Ever since then-Gov. Mitch Daniels signed a bill making Indiana America’s 23rd Right to Work state a little more than two years ago, top bosses of suburban Chicago-based Local 150 of the International Union of Operating Engineers (IUOE) have been making outrageous legal arguments to try to get the freedom-protecting statute overturned in court.
For example, in a brief submitted in February 2012, lawyers working for IUOE Local 150 actually claimed that, by revoking their privilege to collect forced fees from nonmembers, the Indiana Right to Work law had consigned them to “involuntary servitude” and thus violated the 13th Amendment to the U.S. Constitution.
This particular outrageous argument was dismissed unceremoniously by a federal judge in January 2013.
However, Local 15o bosses continue today to pursue in state court a separate lawsuit based on the premise that Big Labor “serves” workers who don’t want a union by forcing them to accept one as their monopoly-bargaining agent. Building on this premise, union lawyers claim that the Right to Work law violates Article 1, Section 21 of the Indiana Constitution, which holds that the state government may not require any person to furnish his or her “particular services,” without providing “just compensation.”
As Indiana Attorney General Greg Zoeller, Solicitor General Thomas Fisher, and Deputy Attorneys General Heather Hagan McVeigh and Ashley Tatman Harwel explained in a brief submitted to the state Supreme Court last week, the claims made in Local 150’s anti-Right to Work lawsuit are invalid for an array of reasons. (The office of the attorney general consulted with National Right to Work Legal Defense Foundation attorneys representing Indiana employees who do not wish to be forced to pay union dues as it worked on this brief to the state Supreme Court.)
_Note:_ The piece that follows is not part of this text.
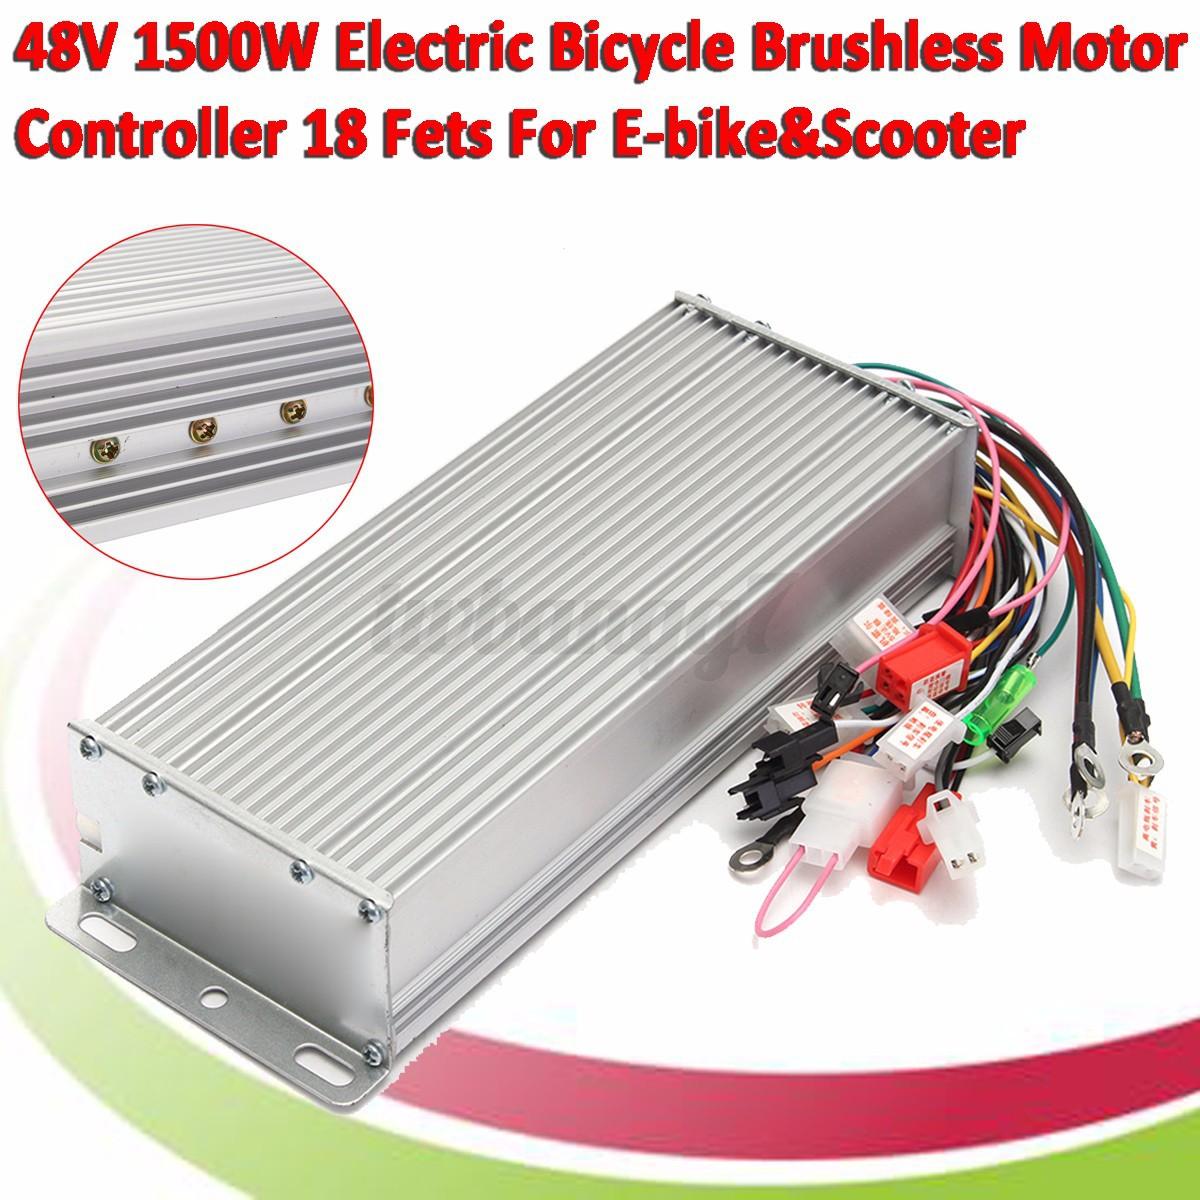 48v dc 1500w brushless motor controller for e bike scooter for Brushless dc electric motor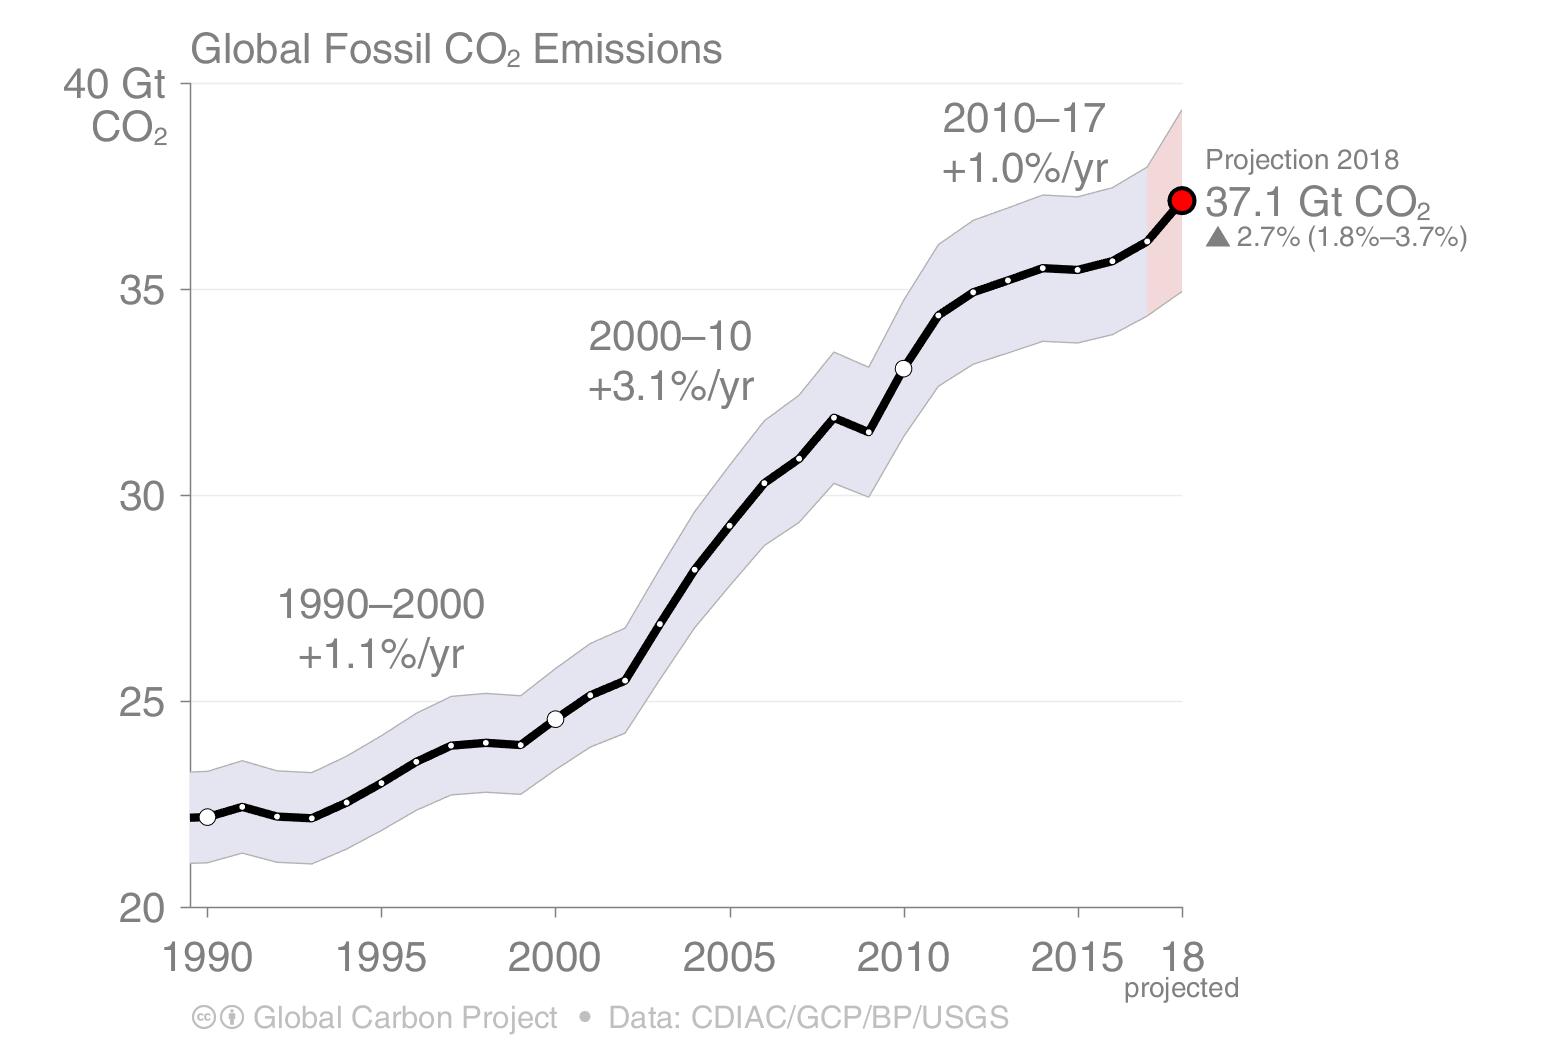 Global fossil CO2 Emissions

First of all, it is federal labor law, not the Indiana Right to Work law or any other Indiana policy, that grants IUOE Local 150 and other private-sector union bosses nationwide the power to act as monopoly-bargaining agents over all the employees in a federally -delineated bargaining unit, and simultaneously imposes on union bosses the attendant duty to “represent fairly” all the employees who are under their control.
As a result of federally imposed monopoly bargaining, employees who personally never voted for a union, don’t want one, and never asked for one may nevertheless be compelled to allow that union to bargain with their employer on their behalf over matters concerning their pay, benefits, and other working conditions. Even if the employer would be happy to bargain individually with those workers who don’t want a union and independent-minded workers have good reason to believe that, based on their individual talents and efforts, they could secure better working terms than the union could negotiate for front-line employees lumped together as a collective, federal law prohibits individual negotiations unless union officials acquiesce to them. Of course, that rarely happens.
Partially in recognition of the fact that a significant share of employees may be economically harmed by exclusive union representation, the U.S. Supreme Court has for 70 years interpreted the federal labor law provisions authorizing this type of monopoly to prohibit arbitrary discrimination by union officials against particular employees or groups of employees who are subject to the monopoly.
This so-called “duty of fair representation” does not by any means inhibit union officials from negotiating contracts that benefit some workers at the expense of others. Rather, it bars only the most egregious varieties of Big Labor favoritism. That modest limit on Big Labor monopoly bargaining hardly transforms the extraordinary legal power union officials wield over workers into a “burden” — but that is the assumption of the IUOE Local 150 case now before the Indiana Supreme Court. Fortunately, the state of Indiana’s latest brief exposes the absurdity of this assumption.
Yet another critical point emphasized by Zoeller and his partners is that monopoly bargaining is a choice granted to private-sector union officials by federal labor law, not their sole option:[Union officials] are free under the NLRA [National Labor Relations Act] to engage in . . . bargaining whereby they represent a minority [or a majority] of the employees on a “members-only” basis. See . . . Consol. Edison Co. of New York v. NLRB, 305 U.S. 197, 236-37 (1938) (“[I]n the absence of . . . an exclusive agency[,] the employees represented by [a union], even if they [are] a minority, clearly ha[ve] the right to make their own choice.”).
. . .
[U]nions are not forced by federal law to be exclusive bargaining representatives; they seek this power of their own volition. That federal law imposes a duty of fair representation on unions that do seek exclusive-agency status does not mean that the federal goverment “demands” that the unions provide exclusive representation services in the first place.
Given that it is the federal government, rather than the state of Indiana, that authorizes union monopoly bargaining, given that union officials may forego this privilege and instead seek and obtain recognition by an employer as the bargaining agent for their members only, and given that monopoly bargaining is in itself beneficial to union officials, lawyers for IUOE Local 150 will have their work cut out for them if they hope to prevail at the Indiana state Supreme Court.